In Force, Drive, Desire, Rudolf Bernet develops a philosophical foundation of psychoanalysis focusing on human drives. Rather than simply drawing up a list of Freud’s borrowings from Schopenhauer and Nietzsche, or Lacan’s from Hegel and Sartre, Bernet orchestrates a dialogue between philosophy and psychoanalysis that goes far beyond what these eminent psychoanalysts knew about philosophy. By relating the writings of Freud, Lacan, and other psychoanalysts to those of Aristotle, Leibniz, Schopenhauer, Nietzsche, Husserl, Heidegger, and, more tacitly, Bergson and Deleuze, Bernet brings to light how psychoanalysis both prolongs and breaks with the history of Western metaphysics and philosophy of nature.
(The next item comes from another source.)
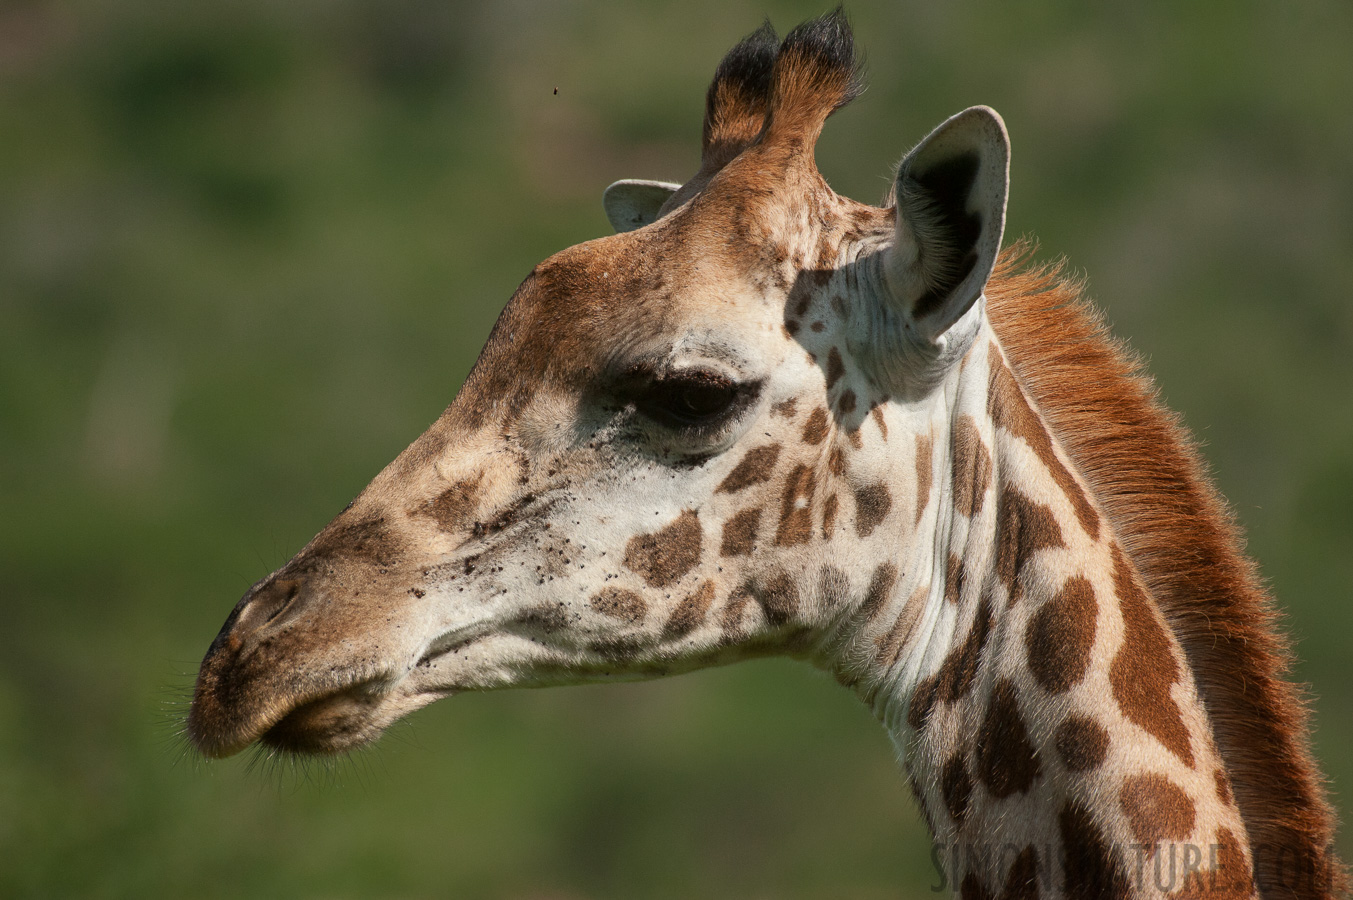 Giraffa tippelskirchi [550 mm, 1/5000 sec at f / 8.0, ISO 1600]

Rereading the long history of metaphysics (or at least a few of its key moments) in light of psychoanalytic inquiries into the nature and function of drive and desire also allows for a rewriting of the history of philosophy. Specifically, it allows Bernet to bring to light a different history of metaphysics, one centered less on Aristotelian substance (ousia) and more on the concept of dunamis—a power or potentiality for a realization toward which it strives with all its might. Relating human drives to metaphysical forces also bears fruit for a renewed philosophy of life and subjectivity.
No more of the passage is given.